Scientific and Statistical Computing Core, National Institute of Mental Health, National, Institutes of Health, Bethesda, MD 20892-1148, USA.
Neuroimage. 2012 Aug 15;62(2):768-73. doi: 10.1016/j.neuroimage.2011.09.016. Epub 2011 Sep 17.
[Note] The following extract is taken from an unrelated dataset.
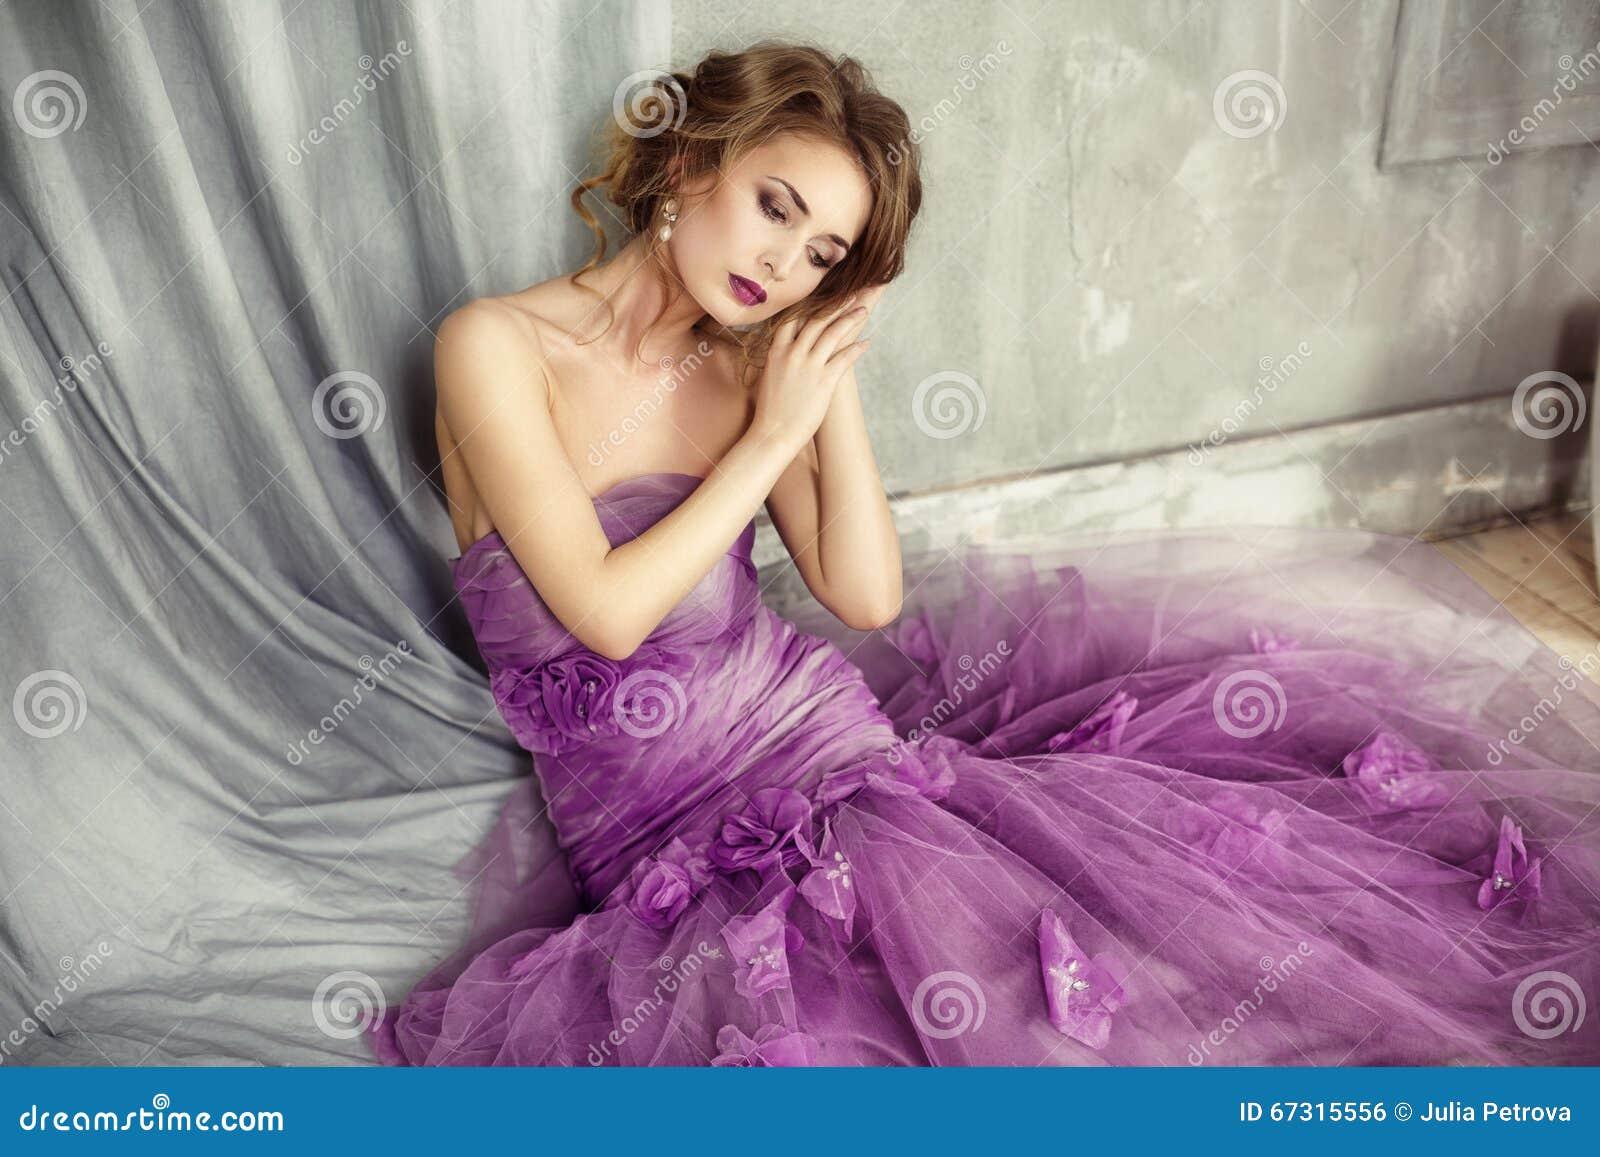 Porträt Der Romantischen Frau In Einem Lila Kleid Stockfoto

Surface-based brain imaging analysis offers the advantages of preserving the topology of cortical activation, increasing statistical power of group-level statistics, estimating cortical thickness, and visualizing with ease the pattern of activation across the whole cortex. SUMA is an open-source suite of programs for performing surface-based analysis and visualization. It was designed since its inception to allow for a fine control over the mapping between volume and surface domains, and for very fast and simultaneous display of multiple surface models and corresponding multitudes of datasets, all while maintaining a direct two-way link to volumetric data from which surface models and data originated. SUMA provides tools for performing spatial operations such as controlled smoothing, clustering, and interactive ROI drawing on folded surfaces in 3D, in addition to the various level-1 and level-2 FMRI statistics including FDR and FWE correction for multiple comparisons. In our contribution to this commemorative issue of Neuroimage we touch on the importance of surface-based analysis and provide a historic backdrop that motivated the creation of SUMA. We also highlight features that are particular to SUMA, notably the standardization procedure of meshes to greatly facilitate group-level analyses, and the ability to control SUMA's graphical interface from external programs making it possible to handle large collections of data with relative ease.
基于表面的脑成像分析具有保留皮质激活拓扑结构、增加组水平统计的统计效力、估计皮质厚度以及轻松可视化整个皮质激活模式的优势。SUMA 是一个用于进行基于表面的分析和可视化的开源程序套件。从一开始,它就被设计为允许对体积和表面域之间的映射进行精细控制,并且能够非常快速地同时显示多个表面模型和相应的大量数据集,同时保持与从中衍生出表面模型和数据的体积数据的直接双向链接。SUMA 提供了在 3D 中对折叠表面进行空间操作的工具,例如受控平滑、聚类和交互式 ROI 绘制,此外还提供了各种一级和二级 fMRI 统计信息,包括用于多重比较的 FDR 和 FWE 校正。在我们为《神经影像学》本期纪念特刊所做的贡献中,我们探讨了基于表面的分析的重要性,并提供了激发 SUMA 创建的历史背景。我们还强调了 SUMA 的特定功能,特别是网格的标准化程序,这极大地促进了组水平分析,以及从外部程序控制 SUMA 的图形界面的能力,这使得处理大量数据变得相对容易。